The plasma metabolomics analysis in SCAPIS has been described elsewhere79 and in the Supplementary Note. Associations of genetic variants with plasma metabolites were analyzed using the same REGENIE pipeline as for the microbiome, adjusting for age, age2, sex, delivery batch and genetic PCs 1–10. Metabolites detected in fewer than 100 samples were excluded. Those detected in 5–50% of samples were analyzed by logistic regression, and those in ≥50% of samples were RIN-transformed and analyzed by linear regression. We report one lead SNP per study-wide locus; when several species were associated, we selected the lead SNP among those replicated in HUNT, prioritizing the lowest P value in Swedish cohorts.

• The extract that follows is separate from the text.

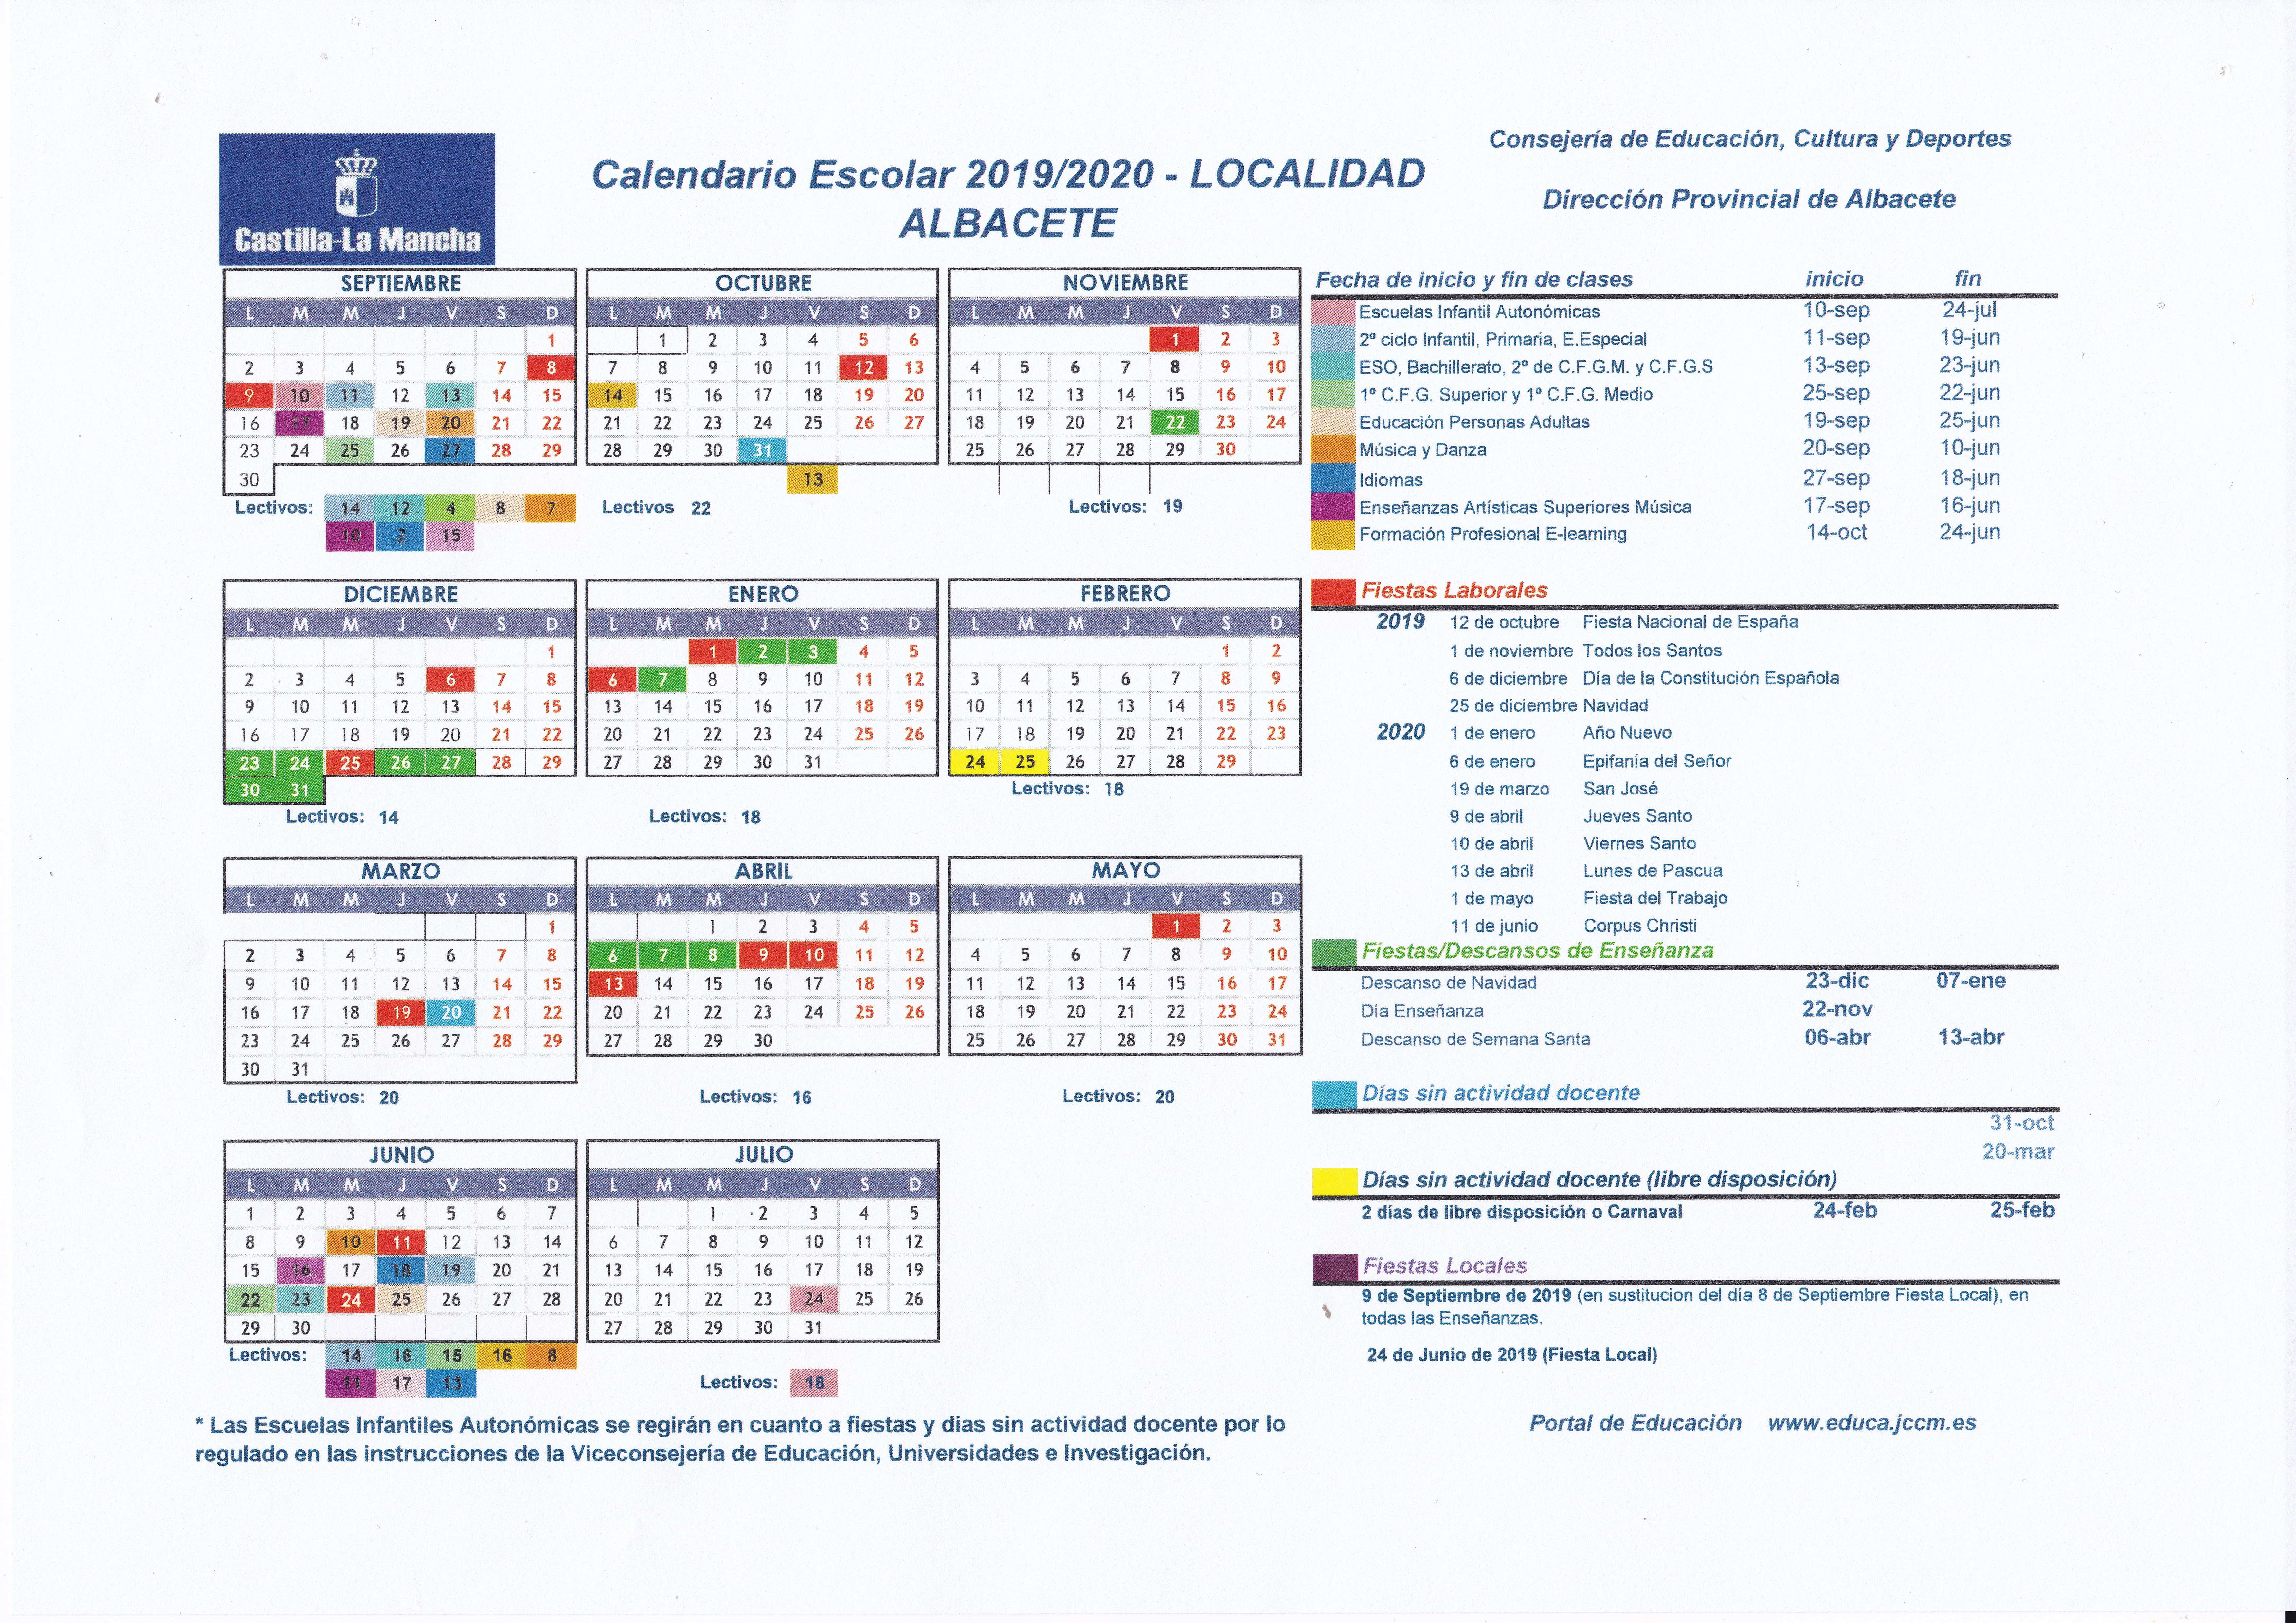 Calendario Escolar Asturias 2020 2019.Tablon De Anuncios Ceip Parque Sur Albacete

FDR correction (Benjamini–Hochberg) of 5% was applied.

Stool metabolomics

To find stool metabolites associated with the study-wide significant loci, we downloaded GWAS of stool metabolites summary statistics (only P < 10−5 available) from Zierer et al.80 (Supplementary Table 16) and lifted the genomic coordinates over to GRCh37 using Ensembl Variation 112 for variants with an rsID and https://genome.ucsc.edu/cgi-bin/hgLiftOver for variants without an rsID. Genetic variants that could not be lifted over were removed (247 out of 46,765). We assessed the same lead variants per study-wide locus as described for the genetic association with plasma metabolites. A lookup was performed for genetic variants within 100 kb of the locus region corresponding to the study-wide significant lead variant.

Short-chain fatty acids

In MOS, a panel of nine plasma SCFAs was measured81. Laboratory method for SCFA measurement is described in the Supplementary Note. The association of genetic variants with SCFAs was assessed with the same REGENIE pipeline as described above for the microbiome, with age, age2, sex, SCFA measurement batch and genetic PCs 1–10 as covariates. SCFAs were RIN-transformed and assessed using linear regression. We assessed the same lead SNPs per study-wide locus as described for the genetic association with plasma metabolites. FDR correction (Benjamini–Hochberg) of 5% was applied.

Reporting summary

Further information on research design is available in the Nature Portfolio Reporting Summary linked to this article.